Mr Coveney was giving an answer to Labour leader Brendan Howlin who said that in the wake of the presidential election it had been “not for all of us to decry negative stereotyping and hate speech&rdquo enough;.
“We need to take the problem of Traveller marginalisation seriously,” he said.
He referred to as shocking the statistics which showed Traveller unemployment levels at 80 % and that just 12 % of Travellers complete secondary school.
Mandatory school attendance
Mr Howlin asked if there is a have to have an age limit applied to ensure that everybody will be required to stay static in education until these were 16 years.
He also known as on the federal government to take into account specific apprenticeship schemes for young Travellers and put them set up over the State and impose exactly the same mandatory attendance requirement as applied at secondary school.
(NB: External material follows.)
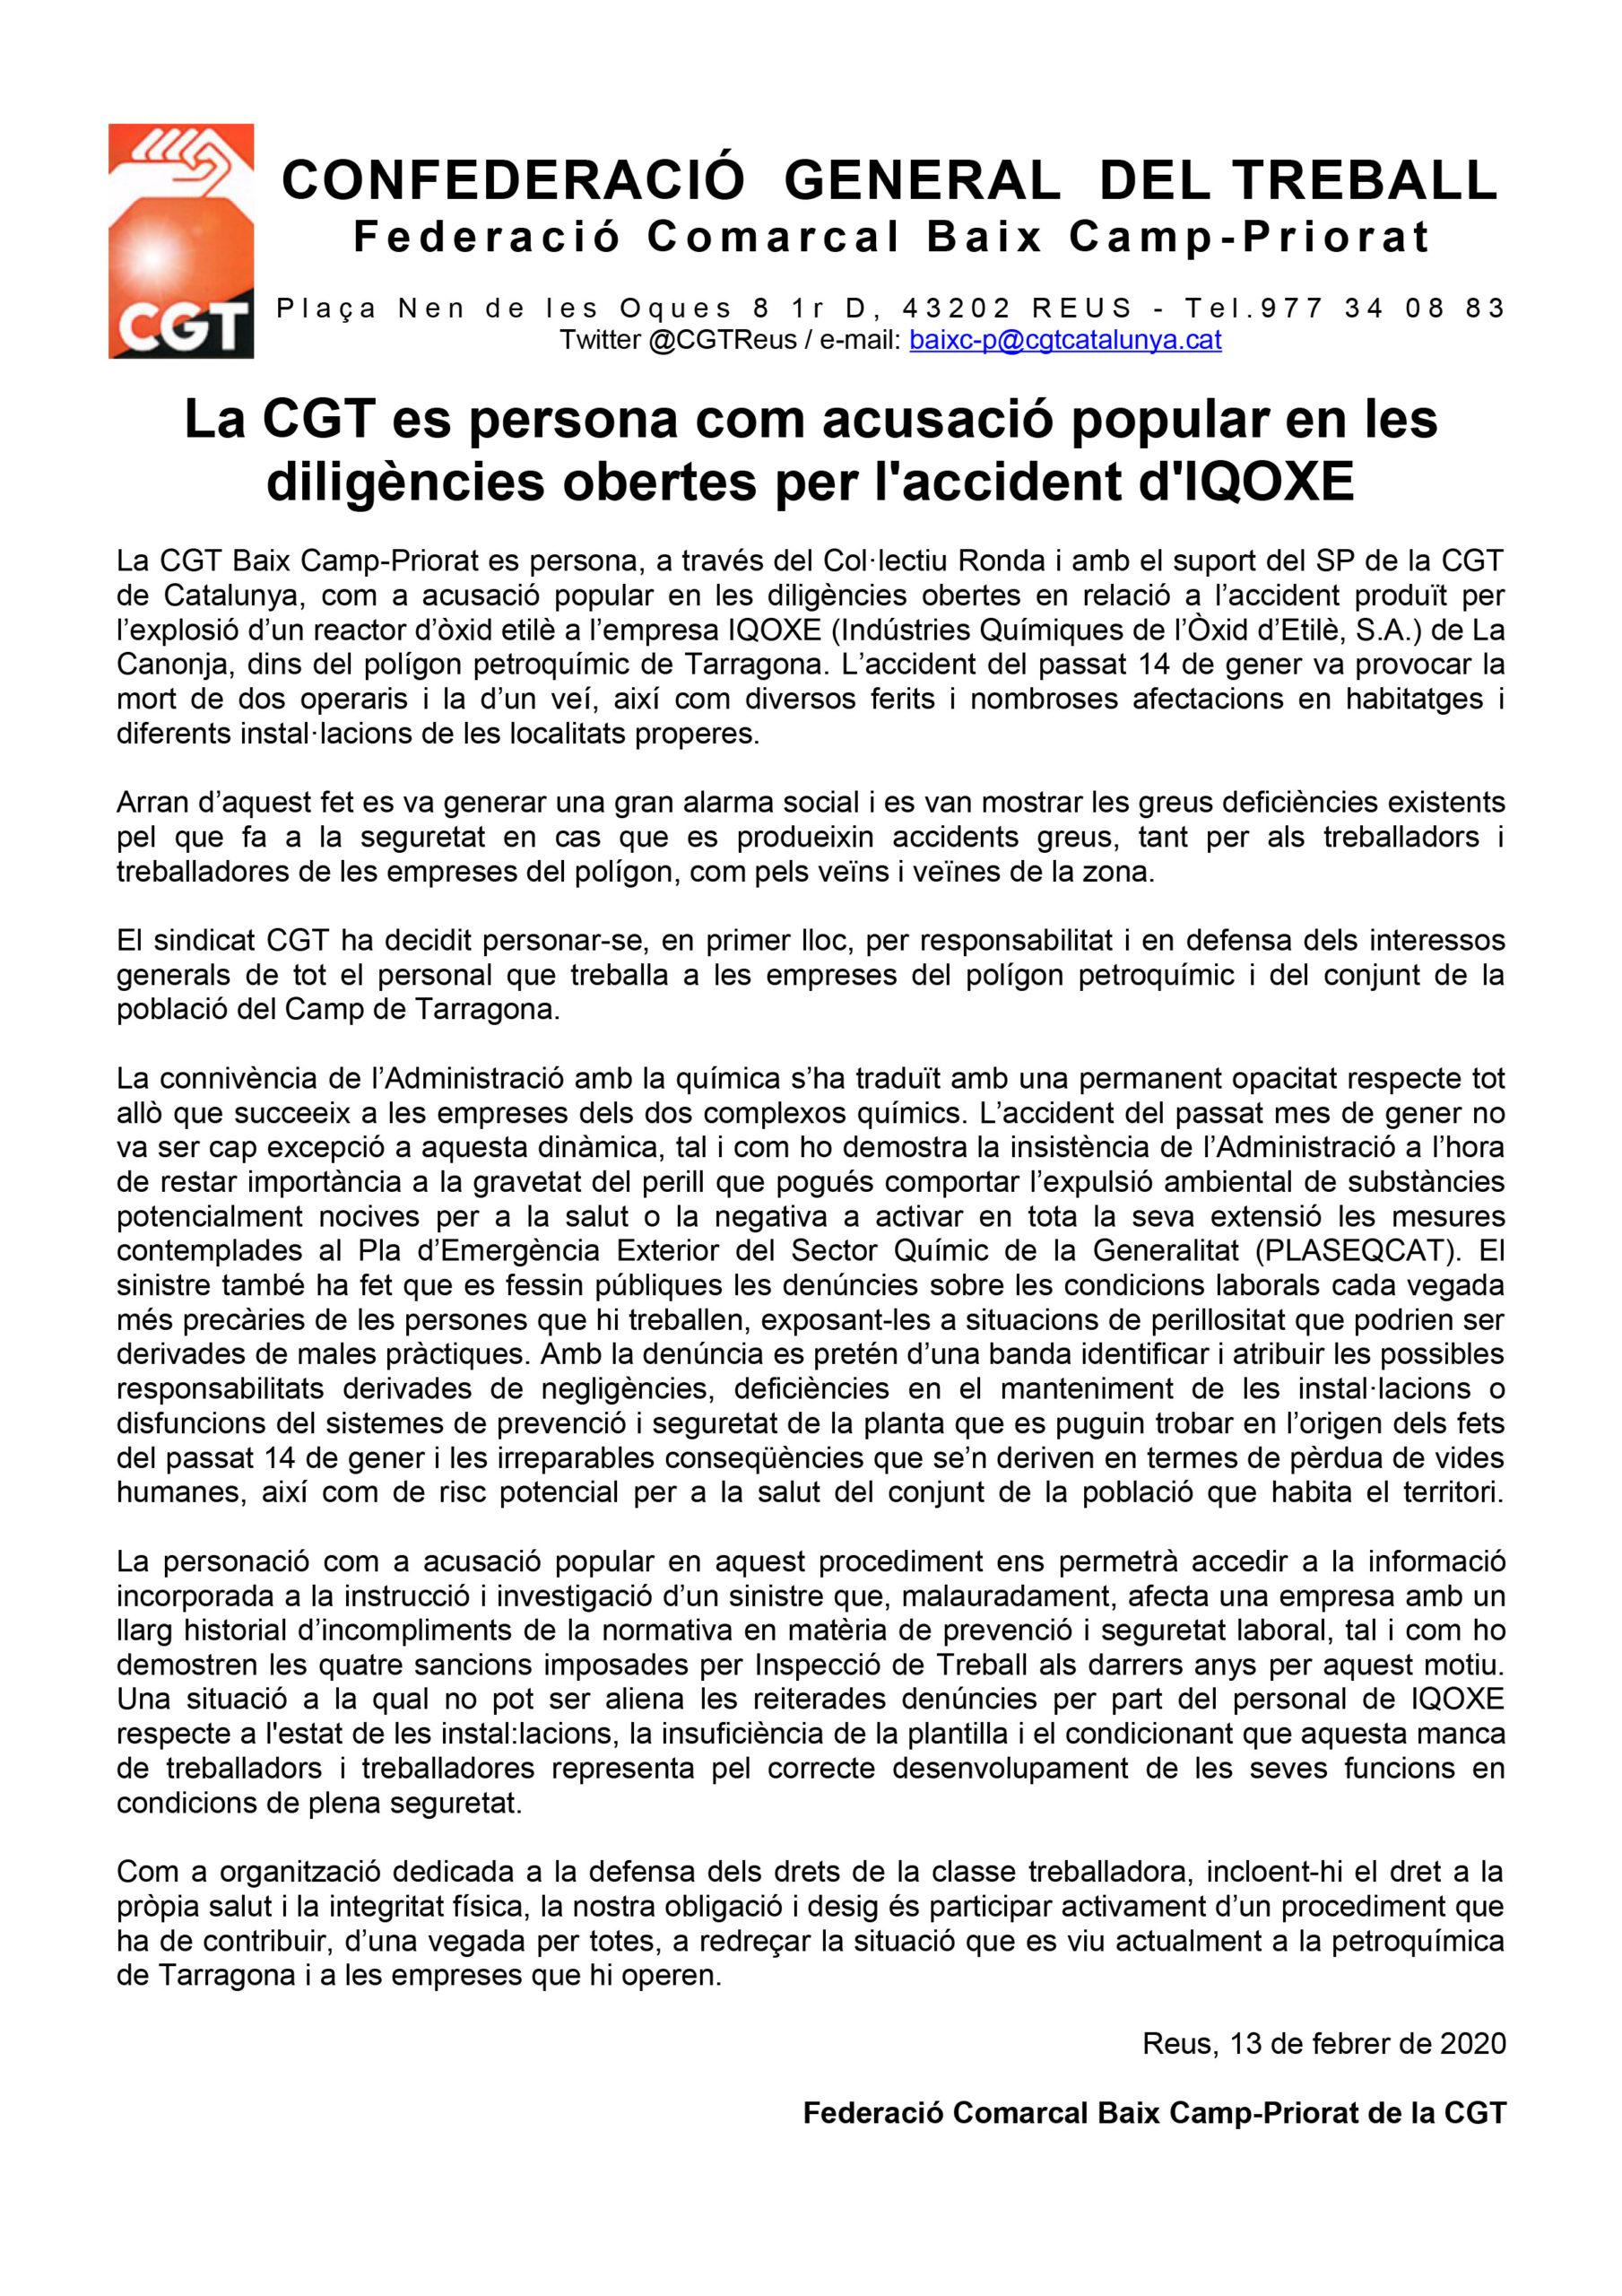 comunicat_personacio_cgt_cas_iqoxe.jpg
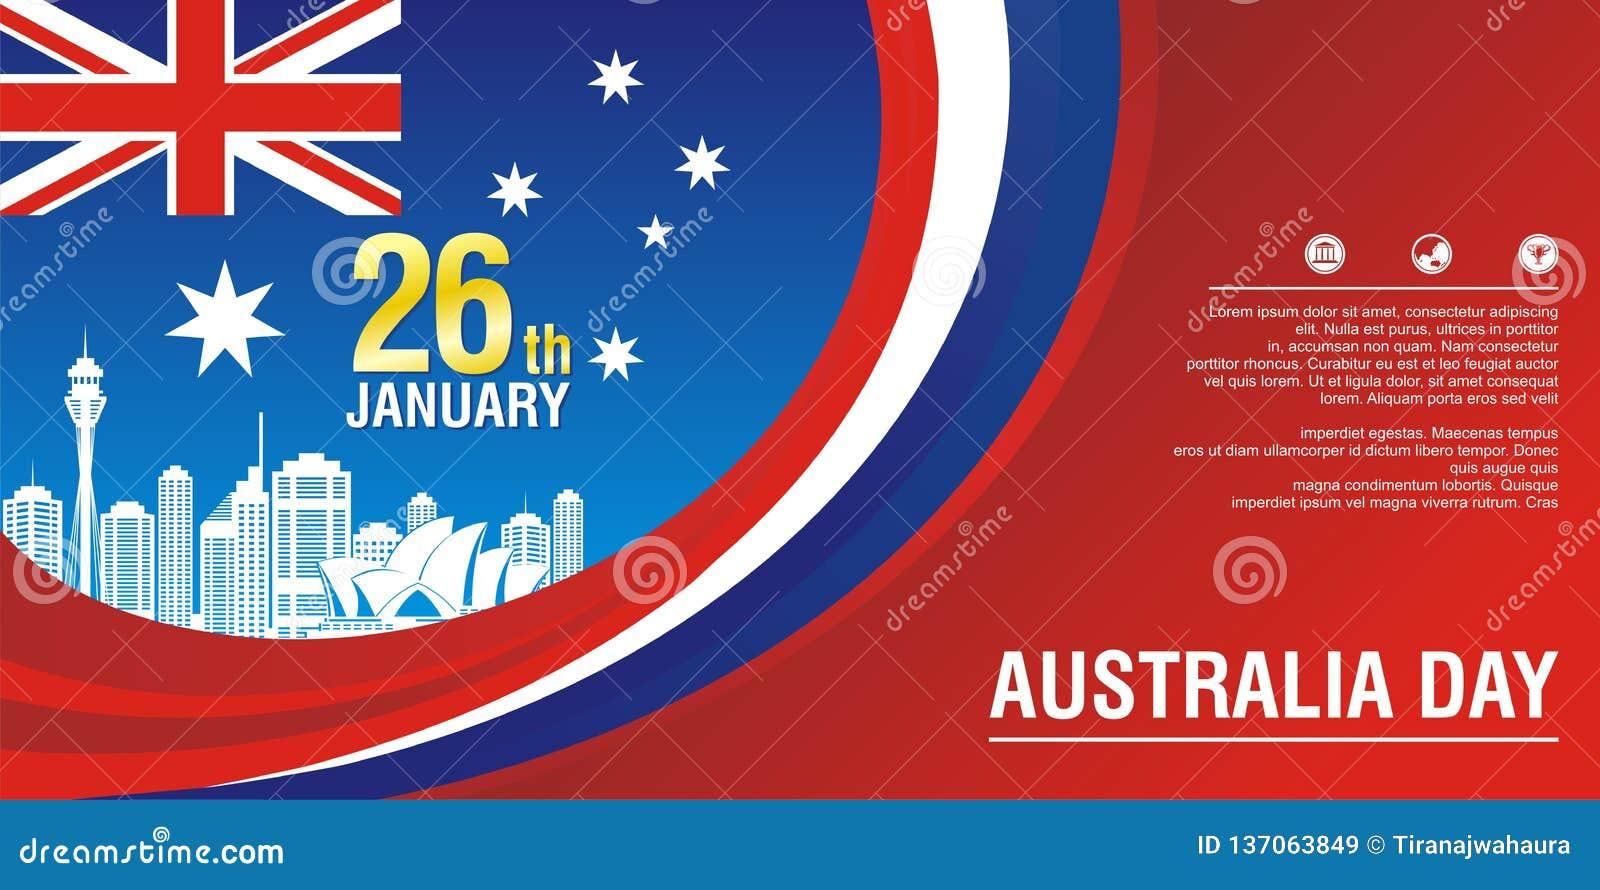 Μοντέρνο ιπτάμενο, με το ύφος σημαιών της Αυστραλίας και το σχέδιο κυμάτων

But he said that the training on the planet would make no difference if businesses weren’t ready to employ Travellers.
“We must have an open conversation, not on the margins but at the centre.”
Insisting that there is no insufficient Government effort of this type, Mr Coveney said former taoiseach Enda Kenny, year in March last, recognised Travellers being an ethnic group formally. THE FEDERAL GOVERNMENT had published its Traveller and Roma inclusion strategy 2017 to 2021 also it contained 149 actions coping with cultural identity, education, health, equality and anti-discrimination.
“Settled communities are fearful of integration and facilitating housing solutions. As a complete result local authorities have already been struggling to deliver the supports needed.”
But “we should also ensure there’s leadership at municipality level in addition to in national policy in order to change the narrative which has led to so many in the travelling community being desperately disadvantaged through the non-delivery of services they’re entitled to”.